À L’ÉCRAN – À l’Opéra National de Finlande, le chorégraphe Javier Torres López propose une nouvelle lecture de Giselle, le grand ballet romantique d’Adolphe Adam, transposé dans l’Italie des années 1950, avec une touche d’emporwerment féminin.
Z’avez d’la chance qu’on vous aime
Tous les mêmes, et y’en a marre ! C’est ce que pourrait s’exclamer la Giselle de Javier Torres López : derrière la romance, ce sont toujours les mêmes mécanismes de séduction et d’abandon qui se rejouent. Ici, l’héroïne n’est plus la jeune villageoise naïve du ballet romantique, mais une femme confrontée à un monde masculin macho mais cheap, qui la désire pour mieux la trahir.
Le déplacement vers l’Italie de l’après-guerre n’a rien d’anodin. Dans ce décor renouvelé, la pression sociale, les attentes pesant sur les femmes et la mesquinerie feutrée des relations prennent un relief inédit.
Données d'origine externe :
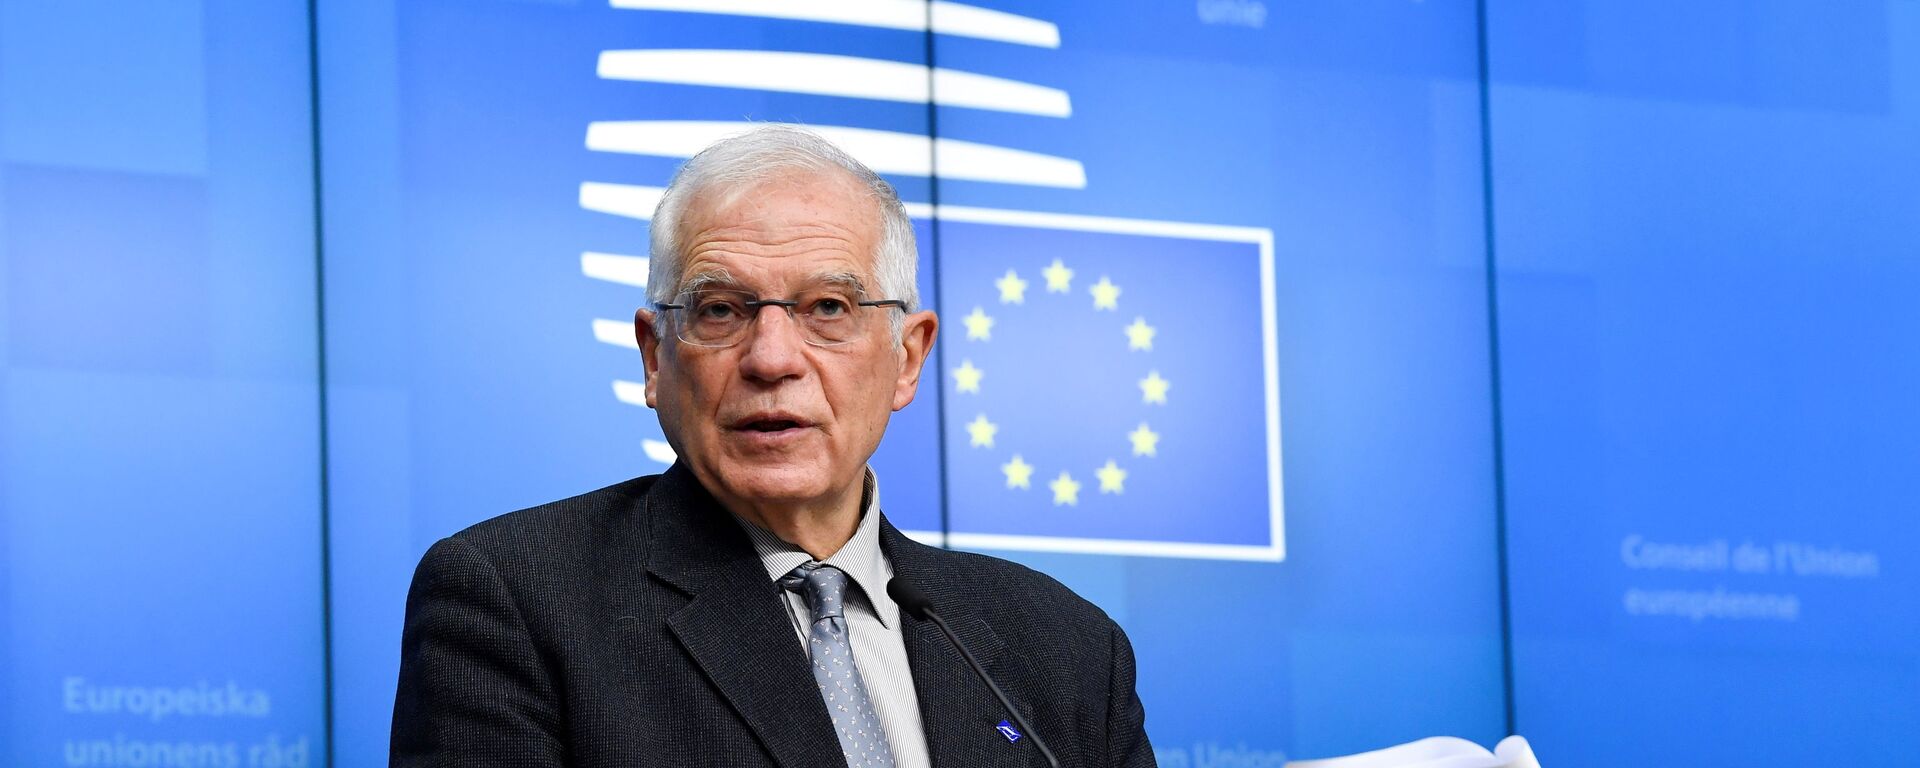 Josep Borrell, alto representante para la Política Exterior de la UE - Sputnik Mundo, 1920, 29.12.2021

Et quand Giselle vacille, cette fois, c’était la dernière : sa folie ne surgit plus comme une simple crise sentimentale, mais comme la colère lucide d’une amoureuse trompée.
En revisitant ce mythe du ballet classique, aux côtés du Ballet et de l’Orchestre National de Finlande, Torres López en change radicalement la perspective. Il fait de Giselle une figure de résistance, traversée par la douleur mais jamais effacée, donnant à l’œuvre d’Adolphe Adam une coloration presque politique. Comme chez Stromae, derrière la mélodie affleure un véritable compte à régler entre une femme et un homme. Rendez-vous, rendez-vous, rendez-vous au prochain règlement !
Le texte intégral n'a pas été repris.